We can observe that digits 7 and 0 have the most red and largest circles, followed with digits 4 and 3, and others are mainly with blue colored small circles. To look at the x-axis, the weeks, we can observe that most of the deep red colored large circle are concentrate upon week 14, 16, 15 and 11. Based on the result, we would say that it is better to play Super Bowl Squares in week 14, 16, 15 and 11 of the season in each year and choose digit 7 and 0.
Within our initial analysis we showed that picking a 7-0 or 0-7 combination is our best choice when playing Super Bowl Squares. 7 is your safest bet, whether you look at the pure most common, the independance, or historical positions. The numbers that come after in sequence, 0, 4, and 3, can be seen in our follow up visualizations. When looking at just the superbowl there is a lot of noise, but you can see the top combinations revolve around 7, but also include pairs with 0, 5, 4, and 1. And when looking at where the games are played, while the majority is still 7, you can see certain states do favor 0 over 7 for the home team.

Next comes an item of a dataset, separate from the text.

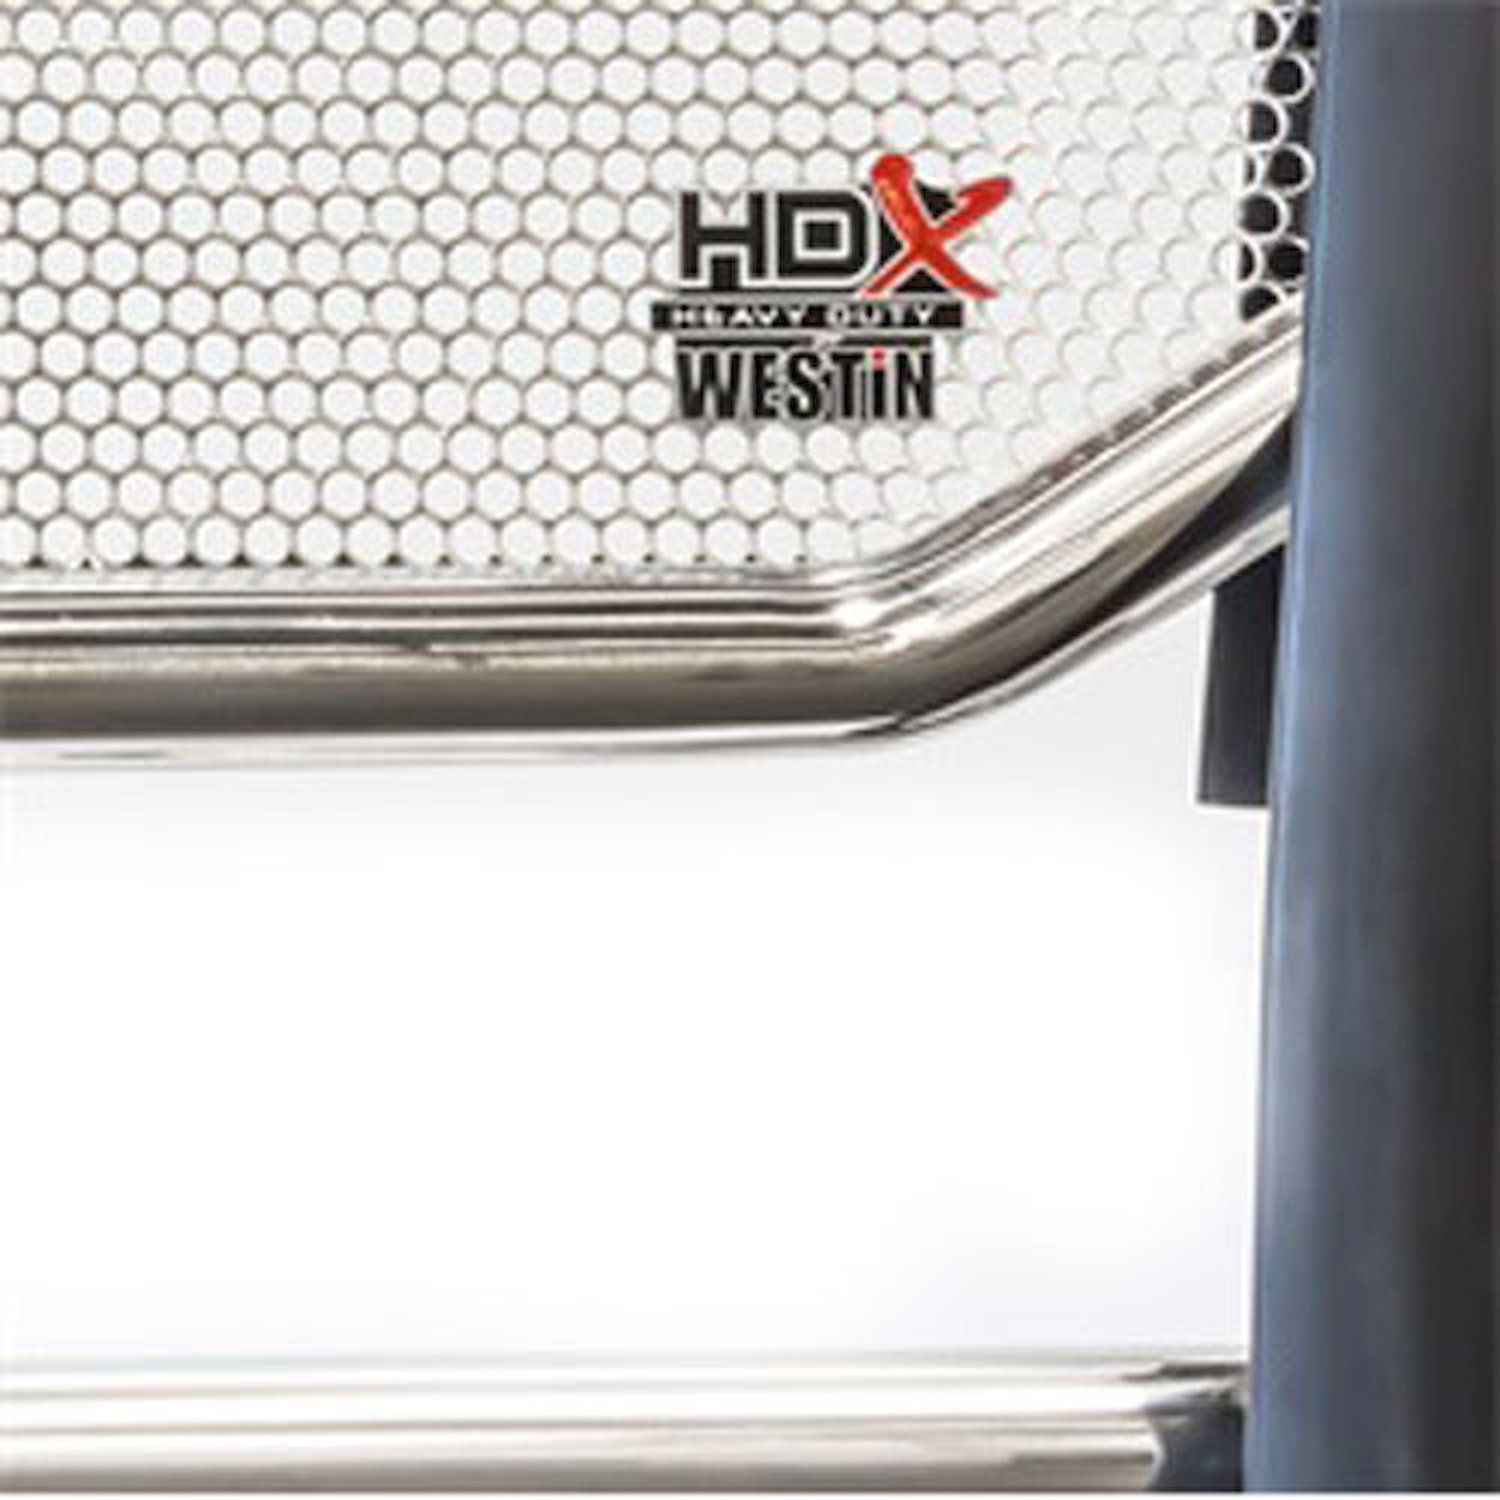 HDX Grille Guard 2014-15 Chevy Silverado 1500

This lab went much smoother than lab 1. We activlely communicated each day, helped each other, and equally contributed. For future labs where we get to choose our own data we will aim for data with more variables. We struggled with the follow up and in the end had to collect some small supplmentary data for creating further visualizations. This did lead to new learning experiences, working with maps, and creating new custom visualizations, but it added more more than we original planned.